In the first half of an early-season Big East conference game between Providence and Pitt, the Panthers raced down the court on a fast break off a steal. Taking the feed as he careened down the lane, senior forward Jerome Lane threw down a thunderous one-handed dunk, shattering the backboard and raining down glass on the hardwood floor. ESPN was on hand that night, and analyst Bill Raftery happened to be sitting courtside with a headset on.
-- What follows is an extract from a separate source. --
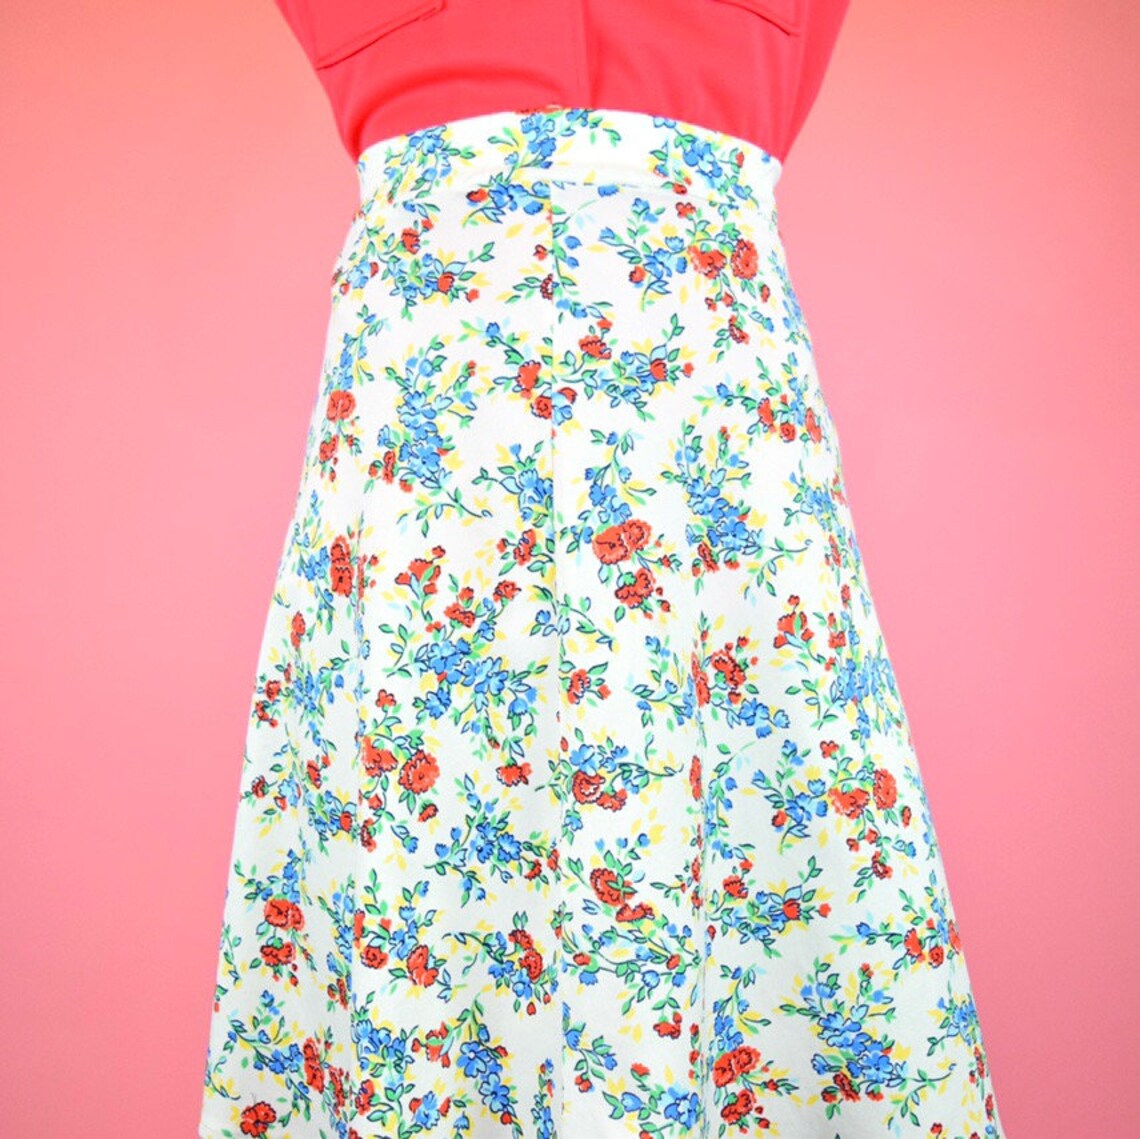 Vintage 60s floral circle skirt | Etsy

Without Raftery, that moment is likely nothing more than a YouTube clip oozing with ’80s nostalgia: a fun, generic throwback to a long-past, “rock ’em sock ’em” era, when games were played in field houses and civic centers, not sparkling arenas with massive videoboards. Instead, it became one of the most iconic moments in the history of the sport when Raftery bellowed “Send it in, Jerome!”
“It just popped out,” Raftery says of the line that he still hears from fans — some of whom probably hadn’t even been born in 1998. “There was no preconceived notion for it. I’m sure, somewhere along the line, I’d heard people say it.”
The moment is the signature call of a career loaded with catch phrases (“Onions!” “With a kiss!”) but is known and loved mostly for its enthusiasm and sheer love of the game.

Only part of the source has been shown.